TASK STATEMENT = Transcribe only the part of the listing below that begins at the line containing "从波尔多的4*酒店Burdigala出发" and runs to its final line, keeping both ends.

PROVIDED DATA =
----------

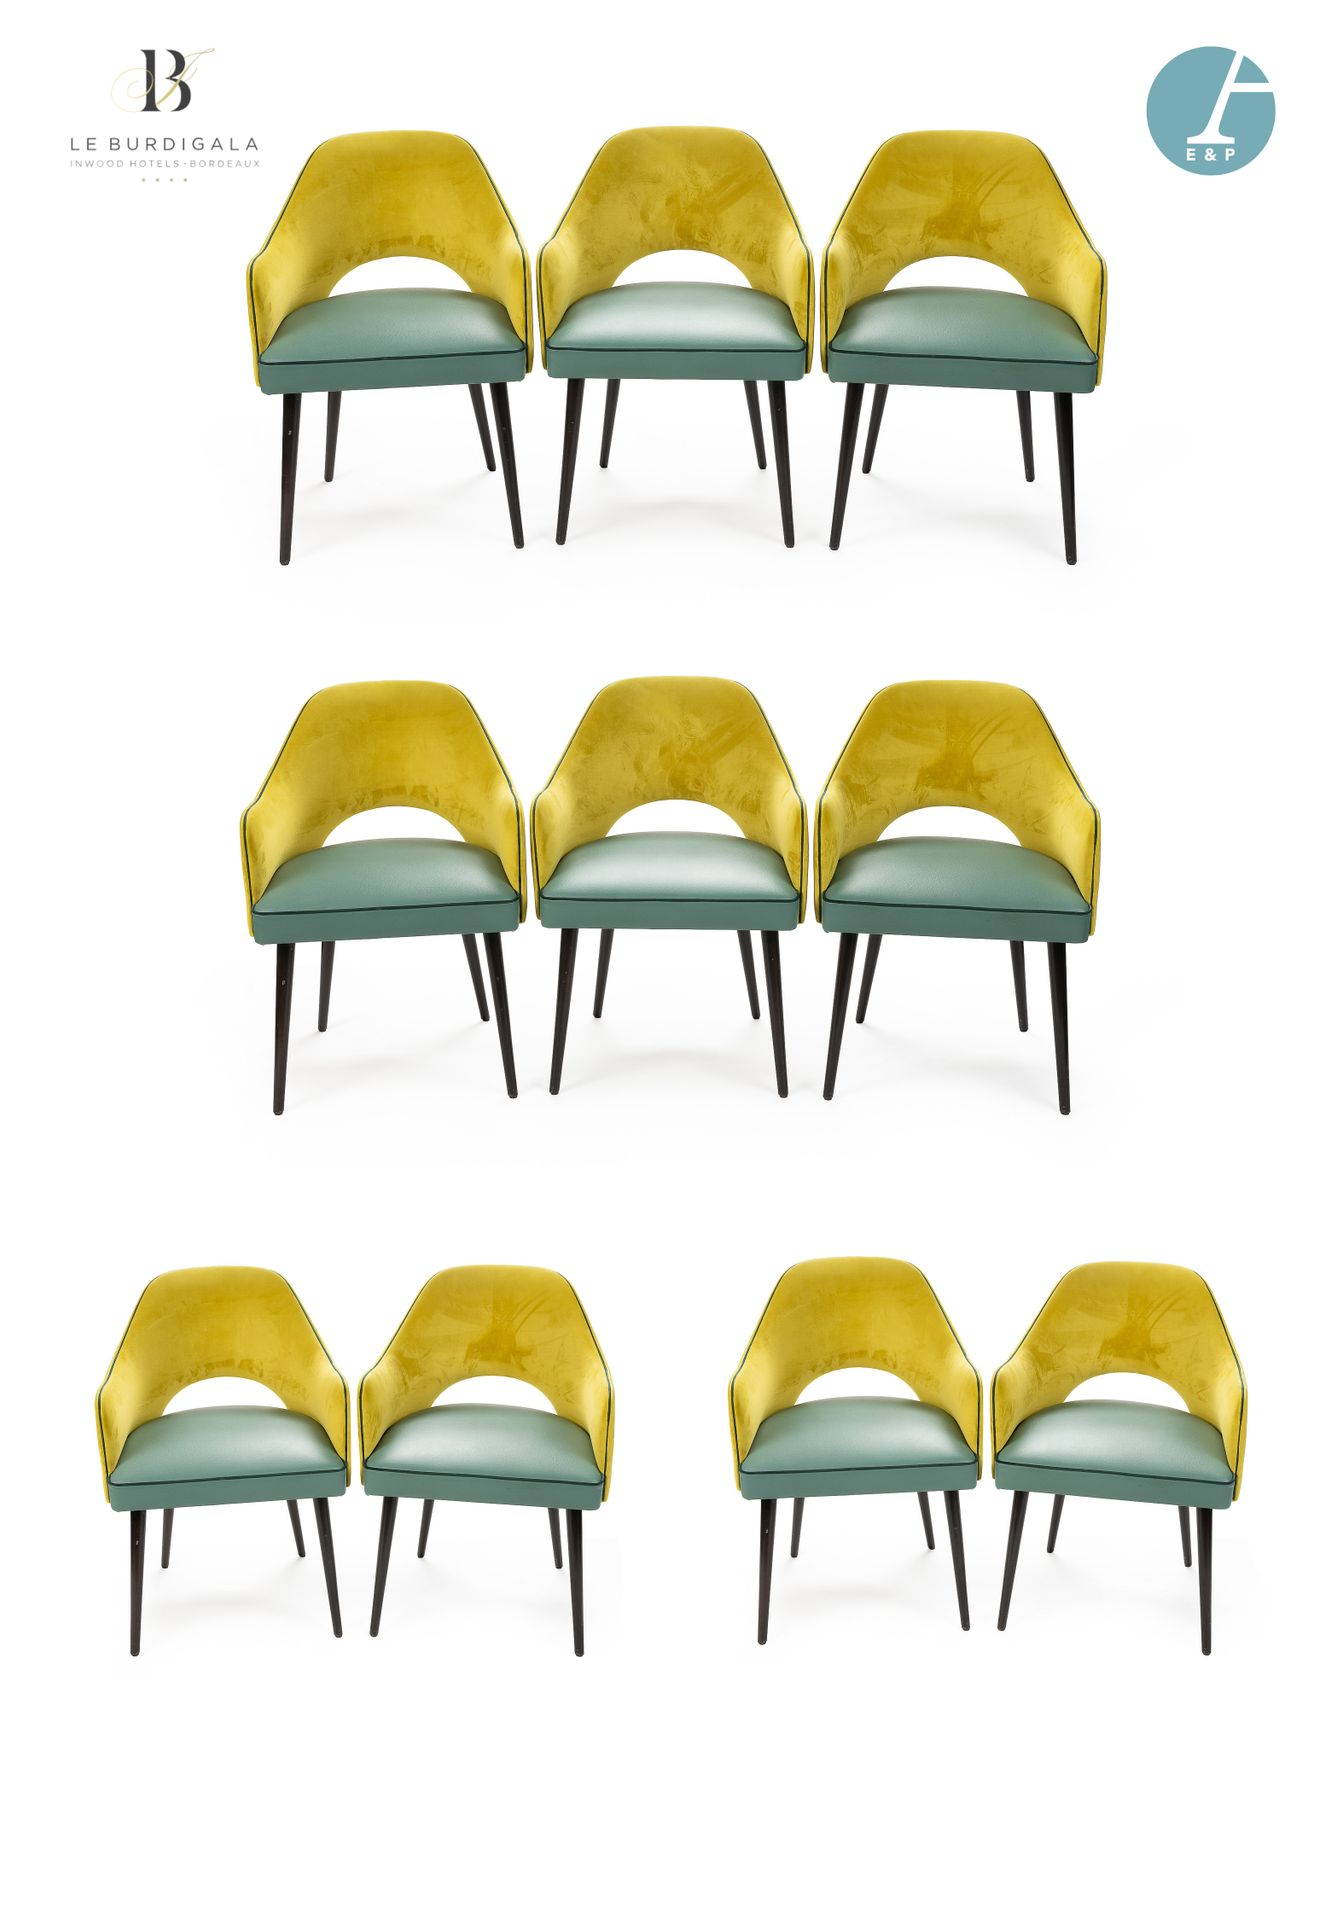 Null 
从波尔多的4*酒店Burdigala出发














一套10把扶手椅，天然木制锥形椅腿，绿色仿皮座椅，黄色天鹅绒贡多拉椅背。品牌C&hellip;

----------

THE COMPLETED TASK =
从波尔多的4*酒店Burdigala出发














一套10把扶手椅，天然木制锥形椅腿，绿色仿皮座椅，黄色天鹅绒贡多拉椅背。品牌C&hellip;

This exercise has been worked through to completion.